A House Divided: Where Are the U.S. Bishops Heading?

As the abuse scandal continues, Catholic bishops will be judged by their worst member. Can they overcome their divisions?

As the nation's Catholic bishops headed to their twice-yearly meeting in St. Louis this week, they had two simple goals: to demonstrate they have regained their bearings after a year of scandal, and to recoup some of the gravitas they forfeited through missteps in addressing the crisis.

Yet in the span of an hour this week, two stunning events probably wrecked those plans, and in the process seemed to show the bishops as powerless as ever to halt the church's fall from grace. What's more, the second incident shows just how divided the bishops' conference now appears to be.

First, Phoenix authorities announced that Bishop Thomas O'Brien was charged in a fatal hit-and-run accident, in which O'Brien allegedly struck and killed a man with his car Saturday night. O'Brien did not even mention the accident until police traced him through his license plate Monday morning.
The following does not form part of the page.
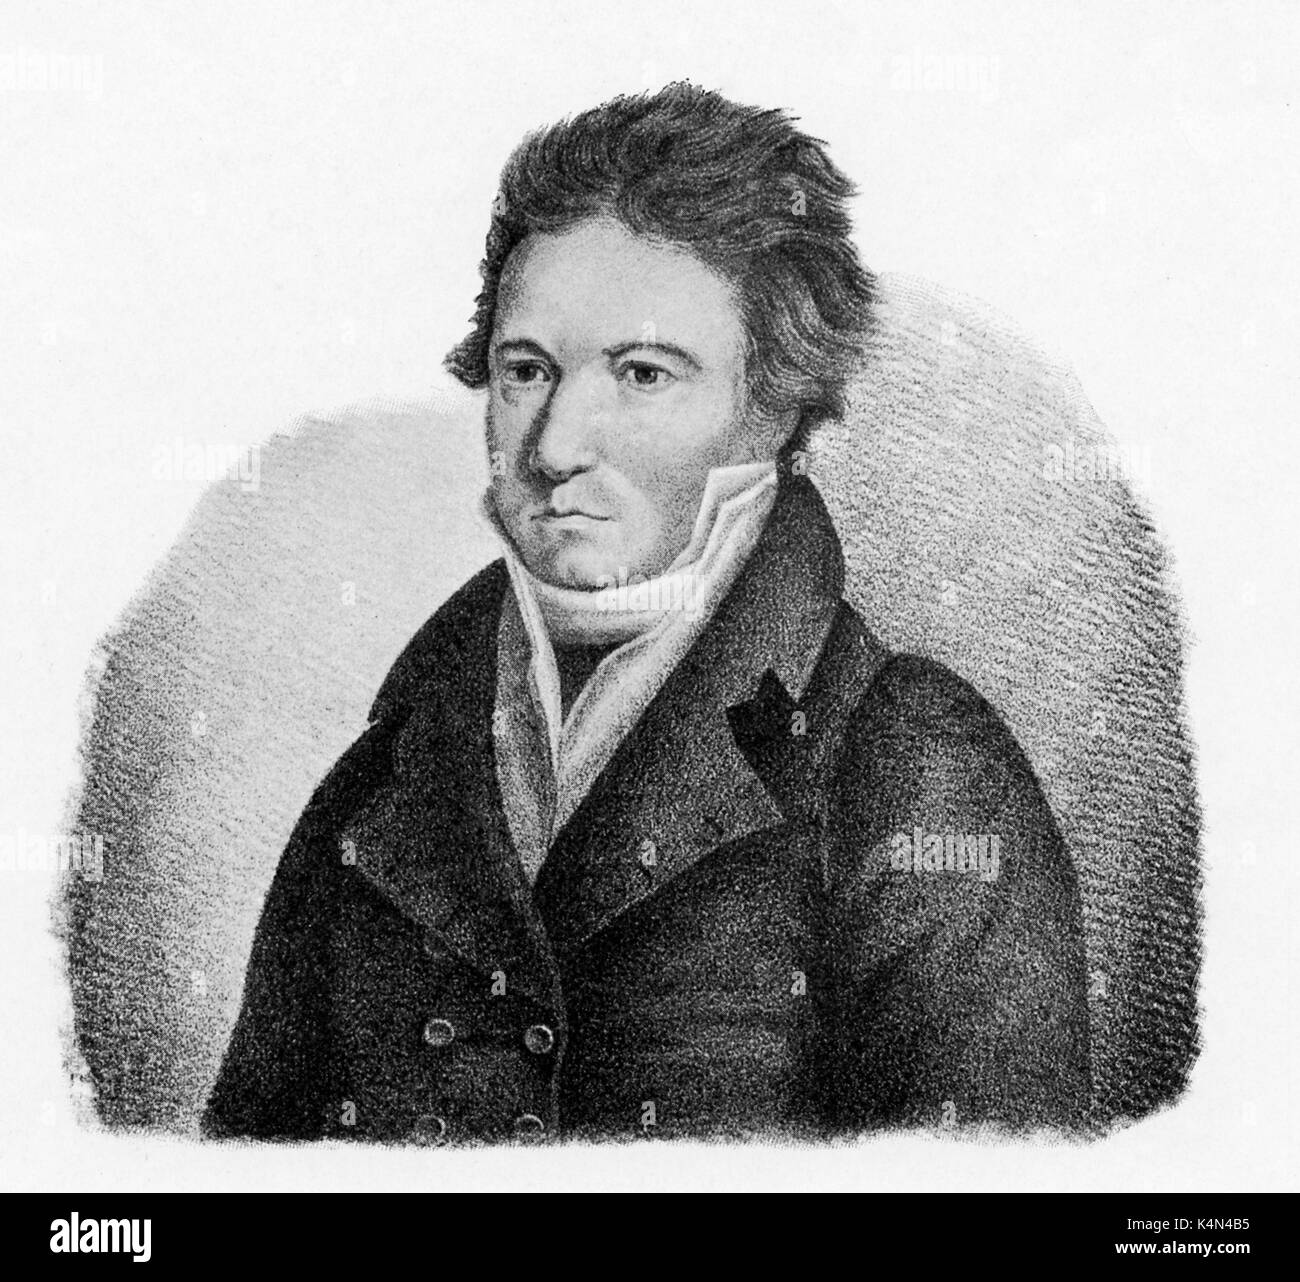 Ludwig van Beethoven après peinture par CH Heckel en 1815. Compositeur allemand, 1770-1 827 Banque D'Images

The bishop told investigators he thought he'd hit an animal or that someone threw a rock at his windshield.

And this, just two weeks after O'Brien agreed to a plea bargain with the county prosecutor in which, in exchange for immunity from prosecution, he admitted he had assigned priests accused of sexual abuse to some of his parishes.


With his arrest, O'Brien became the perfect metaphor for the bishops in crisis: a hit-and-run driver who leaves innocent victims in his wake and speeds on to avoid punishment. As they say in the tabloids, you can't make this stuff up.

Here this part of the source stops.